By default the auth providers are executed in the context of the main Python interpreter, ie., ‘%{GLOBAL}’ and always in the Apache child processes, never in a daemon process. The interpreter can be overridden using the ‘application-group’ option to the script directive. The namespace for authentication groups is shared with that for application groups defined by WSGIApplicationGroup.

Because the auth provider is always run in the Apache child processes and never in the context of a mod_wsgi daemon process, if the authentication check is making use of the internals of some Python web framework, it is recommended that the application using that web framework also be run in embedded mode and the same application group. This is the case as the Python web frameworks often bring in a huge amount of code even if using only one small part of them. This will result in a lot of memory being used in the Apache child processes just to support the auth provider.

An aliased auth provider can also be defined using the <AuthnProviderAlias> directive (provided by mod_authn_core, which is loaded by default on Apache 2.4):

<AuthnProviderAlias wsgi django>
WSGIAuthUserScript /usr/local/django/mysite/apache/auth.wsgi \
 application-group=django
</AuthnProviderAlias>

WSGIScriptAlias / /usr/local/django/mysite/apache/django.wsgi

<Directory /usr/local/django/mysite/apache>
Require all granted

WSGIApplicationGroup django

AuthType Basic
AuthName "Django Site"
AuthBasicProvider django
Require valid-user
</Directory>

An authentication script for Django might then be something like:

import os, sys
sys.path.append('/usr/local/django')
os.environ['DJANGO_SETTINGS_MODULE'] = 'mysite.settings'

from django.contrib.auth.models import User
from django import db

def check_password(environ, user, password):
    db.reset_queries()

    kwargs = {'username': user, 'is_active': True}

    try:
        try:
            user = User.objects.get(**kwargs)
        except User.DoesNotExist:
            return None

        if user.check_password(password):
            return True
        else:
            return False
    finally:
        db.connection.close()

For both Basic and Digest authentication providers, the ‘environ’ dictionary passed as first argument is a cut down version of what would be supplied to the actual WSGI application. This includes the ‘wsgi.errors’ object for the purposes of logging error messages associated with the request.

Any configuration defined by SetEnv directives is not passed in the ‘environ’ dictionary because doing so would allow users to override the configuration specified in such a way from a ‘.htaccess’ file. Configuration should as a result be placed into the script file itself.

The benefit of using the Apache authentication provider mechanism rather than the WSGI application doing it all itself, is that it can be used to control access to a number of WSGI applications at the same time as well as static files or dynamic pages implemented by other Apache modules using other programming languages such as PHP or Perl. The mechanism could even be used to control access to CGI scripts.

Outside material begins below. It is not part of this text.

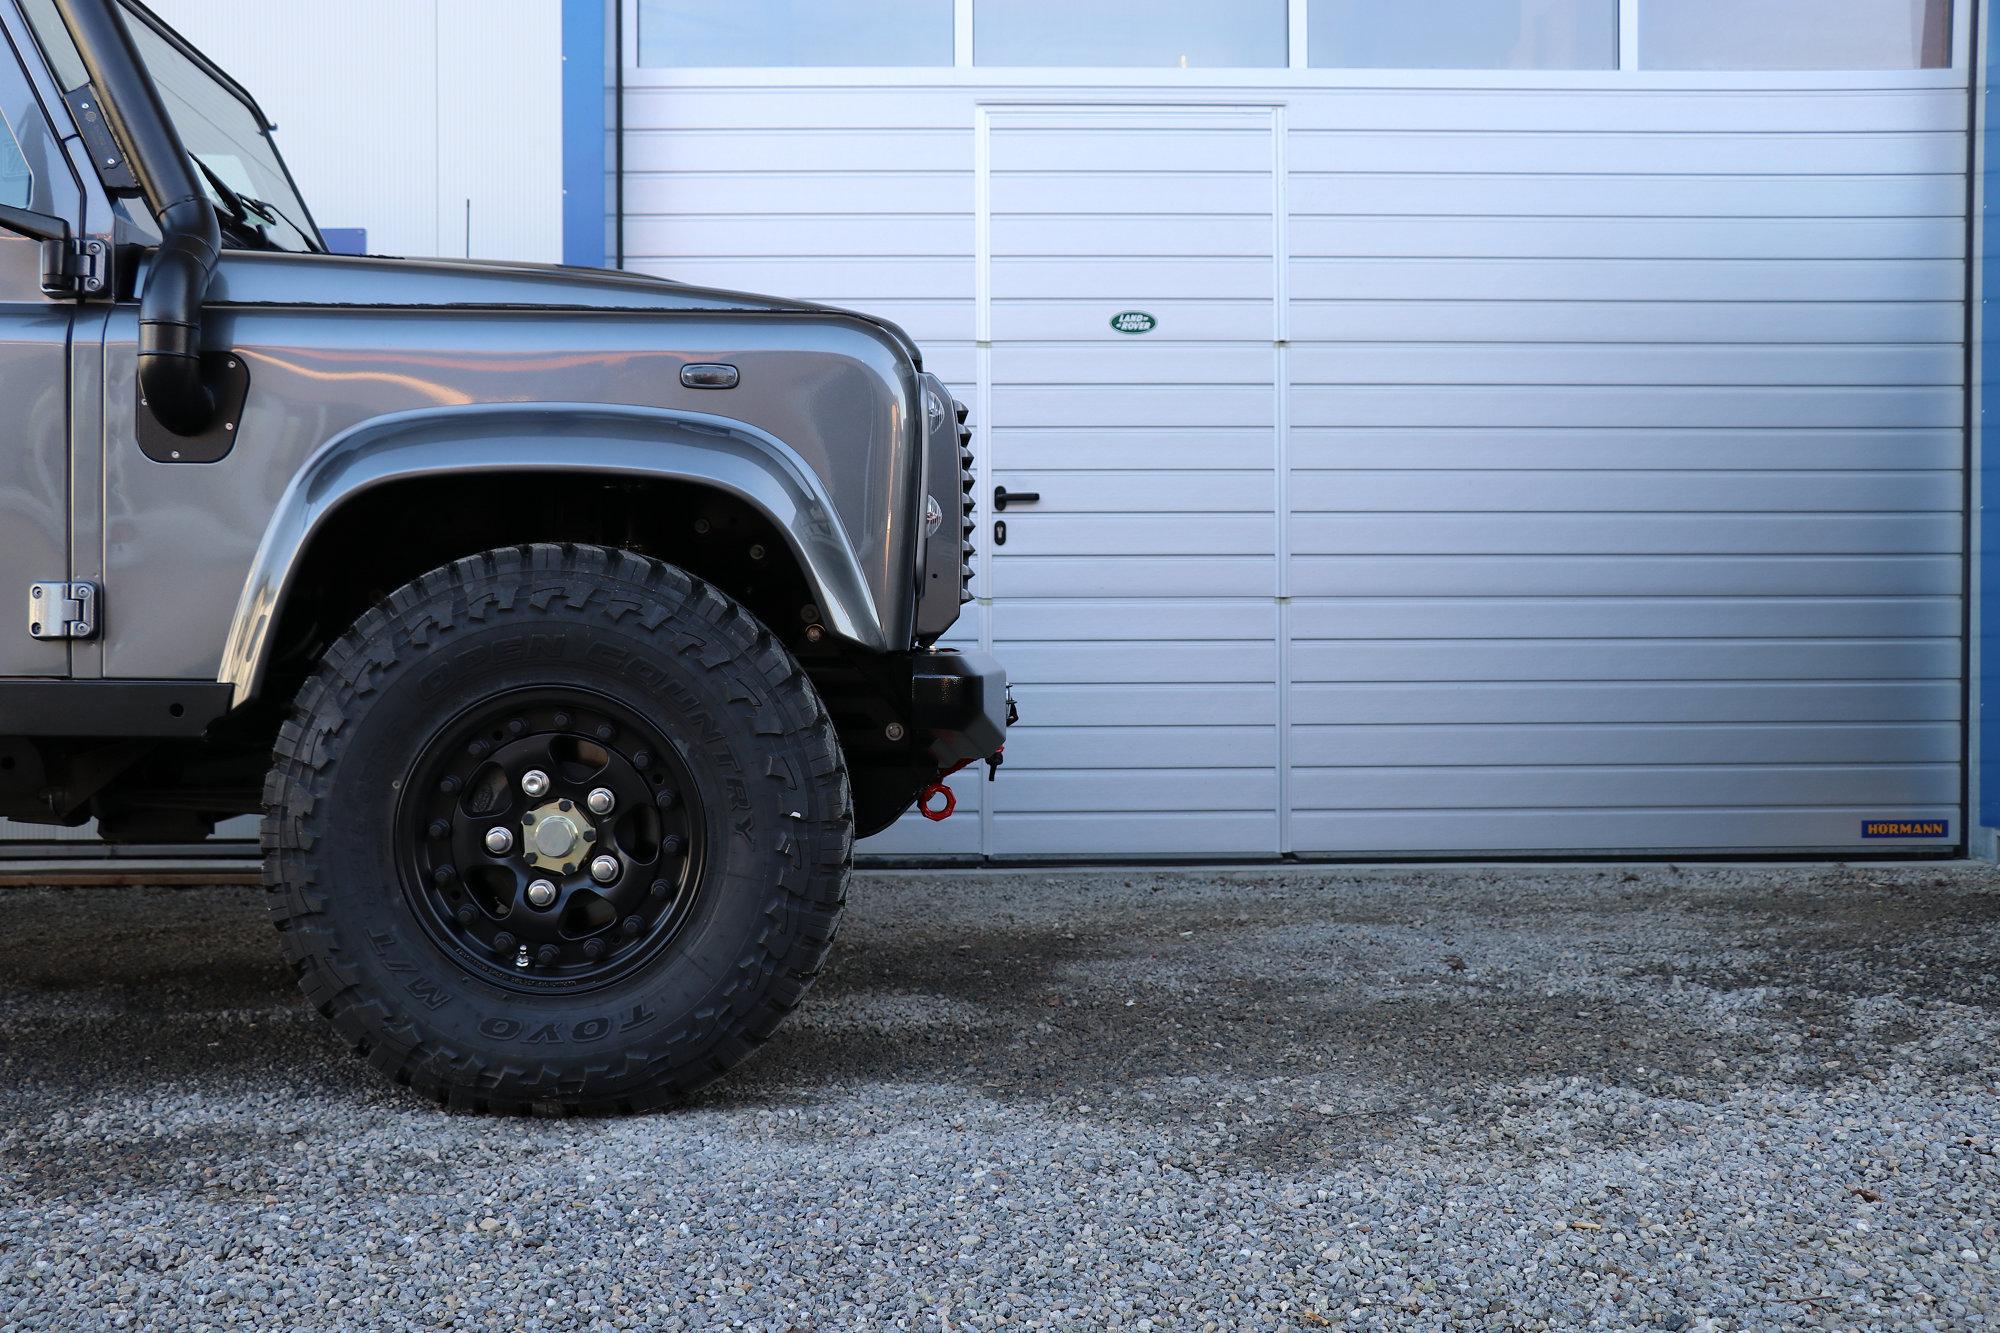 Seilwindenstossstange Land Rover Defender.004

Apache Group Authorisation

As complement to the authentication provider mechanism, mod_wsgi also provides a mechanism for implementing group authorisation using the Apache ‘Require’ directive. To use this in conjunction with an inbuilt Apache authentication provider such as a password file, the following Apache configuration would be used:

AuthType Basic
AuthName "Top Secret"
AuthBasicProvider dbm
AuthDBMUserFile /usr/local/wsgi/accounts.dbm
WSGIAuthGroupScript /usr/local/wsgi/scripts/auth.wsgi
Require wsgi-group secret-agents
Require valid-user

The ‘auth.wsgi’ script would then need to contain a ‘groups_for_user()’ function with a sample as shown below:

def groups_for_user(environ, user):
    if user == 'spy':
        return ['secret-agents']
    return []

The function should supply a list of groups the user is a member of or an empty list otherwise.

The feature may be used with any authentication provider, including one defined using WSGIAuthUserScript.

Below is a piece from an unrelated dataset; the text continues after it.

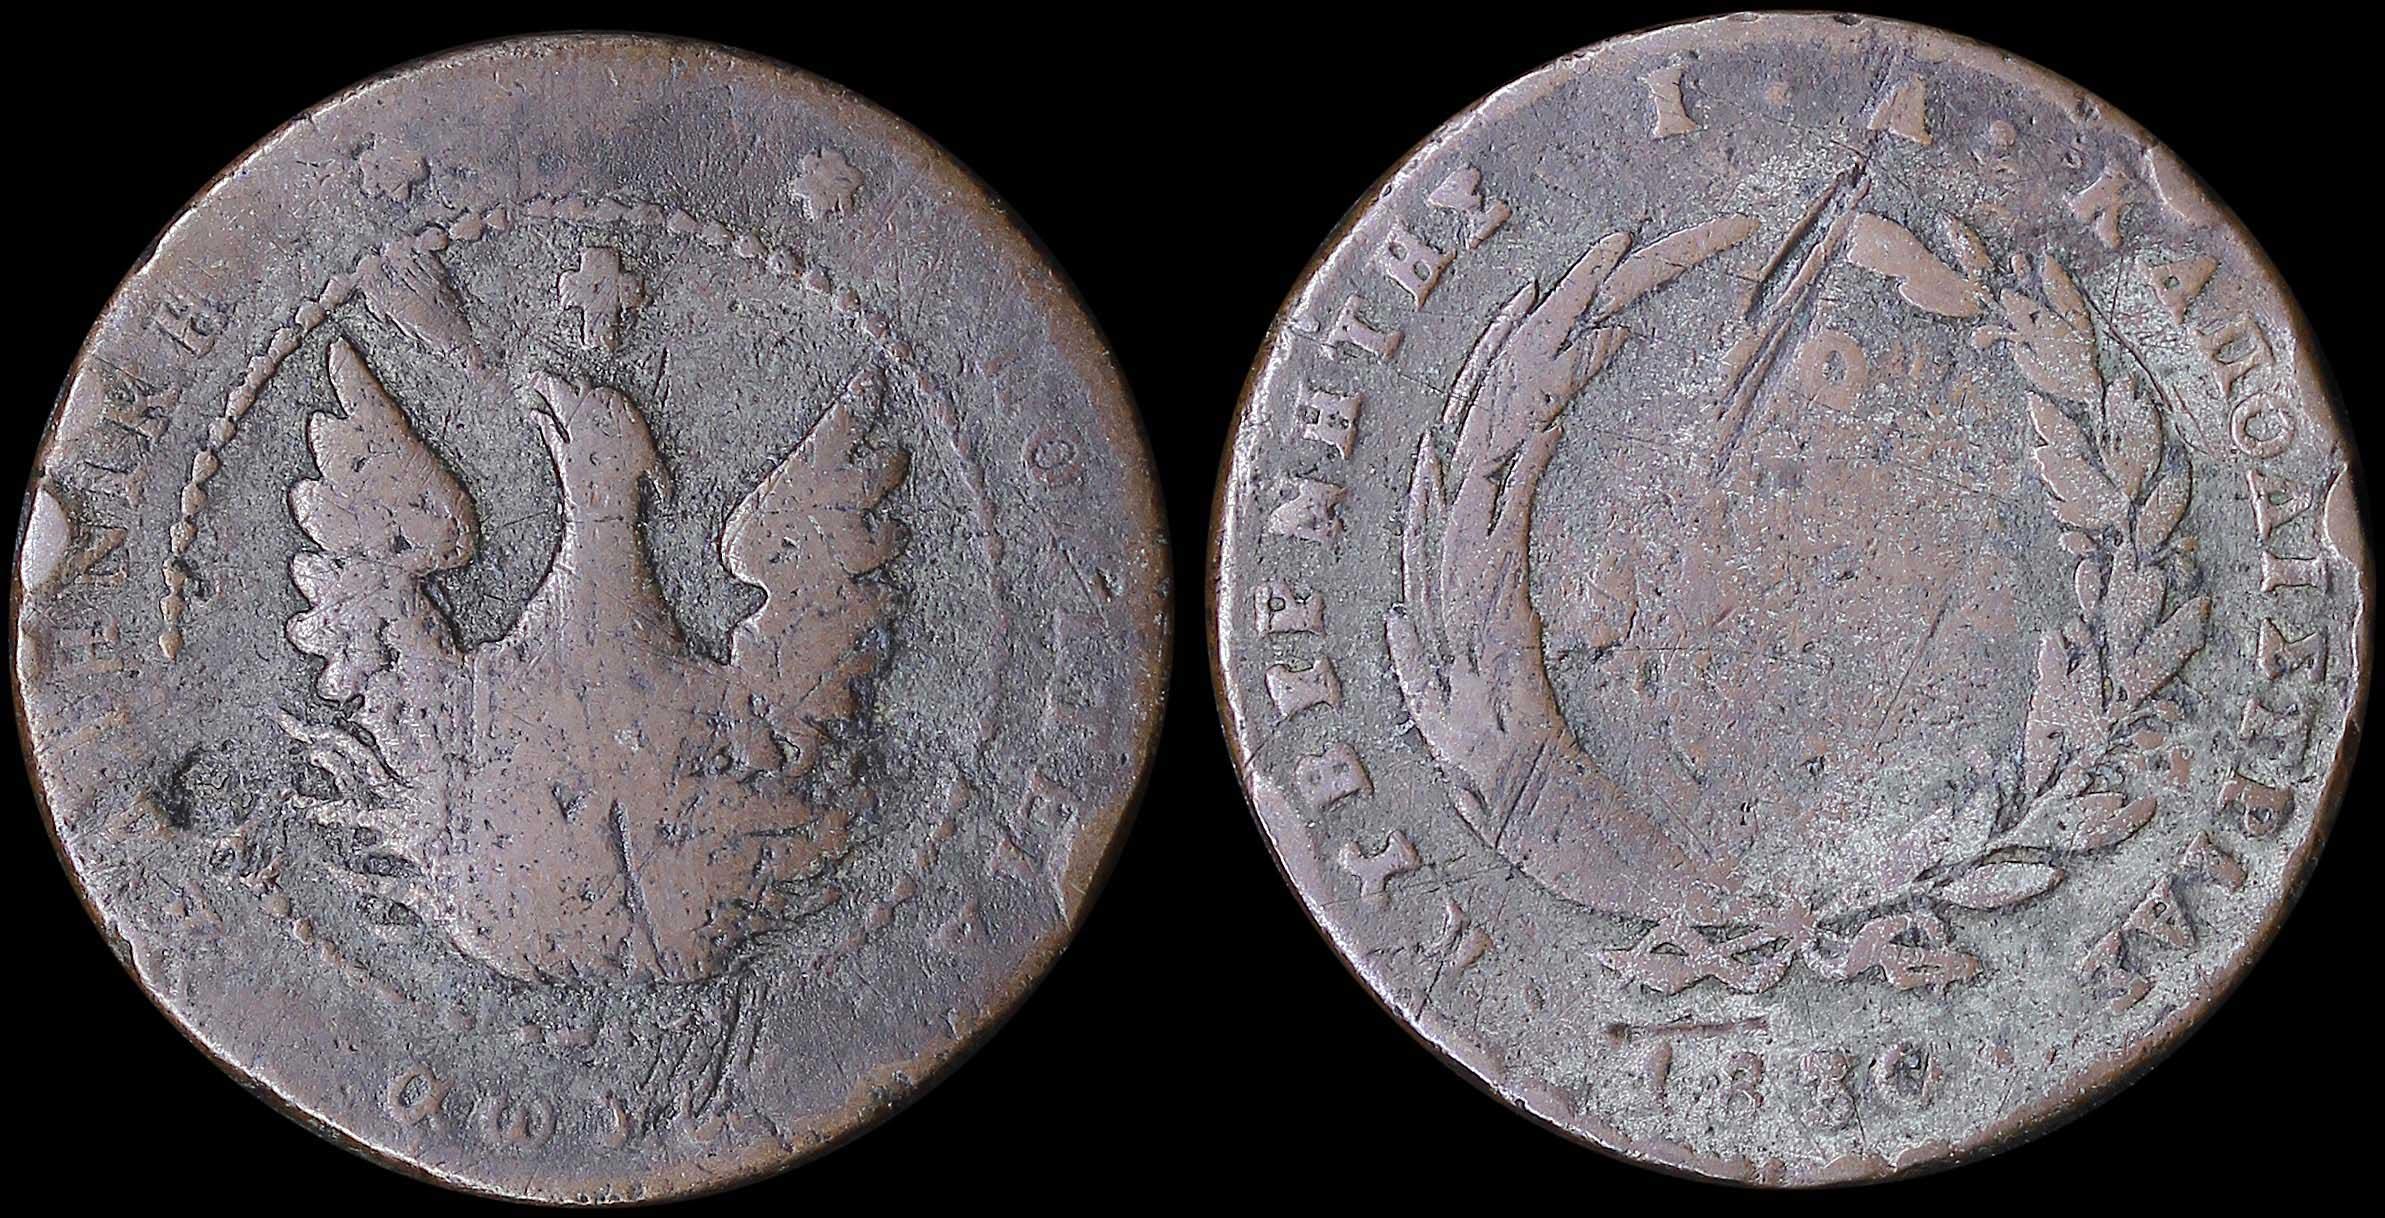 Lot 6019 - -  COINS & TOKENS governor capodistrias -  A. Karamitsos Public & Live Internet Auction 665 Coins, Medals & Banknotes

The ‘environ’ dictionary passed as first argument is a cut down version of what would be supplied to the actual WSGI application. This includes the ‘wsgi.errors’ object for the purposes of logging error messages associated with the request.

Any configuration defined by SetEnv directives is not passed in the ‘environ’ dictionary because doing so would allow users to override the configuration specified in such a way from a ‘.htaccess’ file. Configuration should as a result be placed into the script file itself.

By default the group authorisation code is always executed in the context of the main Python interpreter, ie., ‘%{GLOBAL}’, and always in the Apache child processes, never in a daemon process. The interpreter can be overridden using the ‘application-group’ option to the script directive.

Host Access Controls

The authentication provider and group authorisation features help to control access based on the identity of a user. It is also possible to limit access based on the machine which the client is connecting from. The path to the script is defined using the WSGIAccessScript directive:

WSGIAccessScript /usr/local/wsgi/script/access.wsgi

The name of the function that must exist in the script file is ‘allow_access()’. It must return True or False:

def allow_access(environ, host):
    return host in ['localhost', '::1']

The ‘environ’ dictionary passed as first argument is a cut down version of what would be supplied to the actual WSGI application. This includes the ‘wsgi.errors’ object for the purposes of logging error messages associated with the request.

Any configuration defined by SetEnv directives is not passed in the ‘environ’ dictionary because doing so would allow users to override the configuration specified in such a way from a ‘.htaccess’ file. Configuration should as a result be placed into the script file itself.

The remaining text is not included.